The Pomeranian is sometimes a little too courageous for its own good. He serves well as an alarm dog, but its barking sometimes becomes a habit that needs to be discouraged. The Pomeranian has one primary purpose and that is to please its owners. It sometimes shies away from children that play too rough. The Pomeranian may not be a good choice for a household with children or as a child’s pet. They socialize easily with cats and other small family pets.
The Pomeranian is definitely one of those big dogs in a little package. They usually won’t back down from a much larger dog. This aggressiveness can be self-destructive as obviously a bigger dog could make mince meat of a tiny Pomeranian.
The Pomeranian is eager to learn and is devoted to its family. He is affectionate and has a very loving nature toward its own family. He is delightful and is always ready for a quick game with those he loves.
The Pomeranian responds to command if they are consistently given and he is rewarded with edible treats or kind words. The Pomeranian has a tendency to become somewhat of a “spoiled brat.” When his bad habits surface he may simply ignore commands to “act better.” He is rarely seen in agility trials; however, the Pomeranian does well in obedience trials.
A Pomeranian stands about 7 to 8 inches tall and weighs from 3 to 7 pounds. The tiny Pomeranian has a short body, straight legs and well-balanced overall appearance. He has erect ears and a fox like expression that gives this little dog an alert expression. Pigmentation of the nose, lips and eyelids are always dark, usually black.
The Pomeranian’s coat is double and profuse. Acceptable colors are red, orange, cream and sable, black, brown and blue.
Grooming the Pomeranian
The coat of a Pomeranian is made up of an undercoat and an outer coat. The undercoat is soft and fluffy. The outer coat is fairly long, straight and harsh and covers the entire body.

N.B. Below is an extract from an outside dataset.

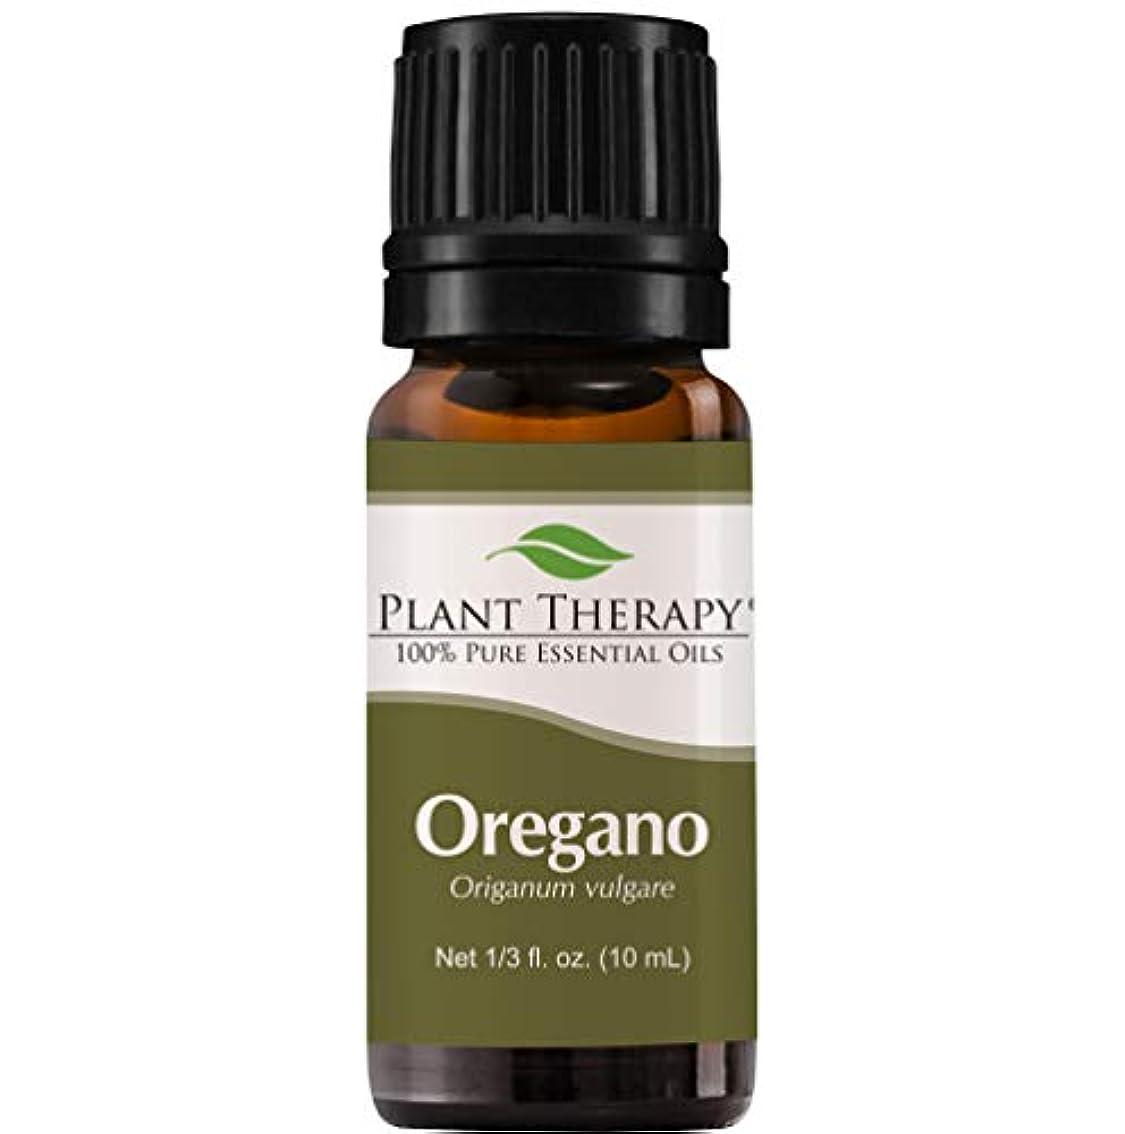 追い付く土器衣服Plant Therapy Essential Oils (プラントセラピー エッセンシャルオイル) オレガノ (オリガヌム) エッセンシャルオイル

There is an abundance of coat around the neck and the fore part of the shoulders and chest that forms a frill that extends over the shoulder. The forequarters are well feathered and the thighs and hind legs are well feathered to the hocks.
The Pomeranian requires regular attention to keep it clean and attractive. Thorough brushing once a week is required to keep the coat in good condition.
You will need a slicker/pin brush, medium-tooth metal comb, scissors and cotton buds.
Brush against the lie of the coat to give the Pomeranian its round pompom appearance. Brush first with the slicker/pin brush working from the top of the head, layering the hair as you go and be sure you reach the skin level. Then work through the coat with the comb to remove any tangles left behind from the brushing.
You might consider using a dry bath on your Pomeranian’s coat when in full coat. When the Pomeranian is in full coat, use a suitable pH-alkaline-balanced shampoo and rinse well.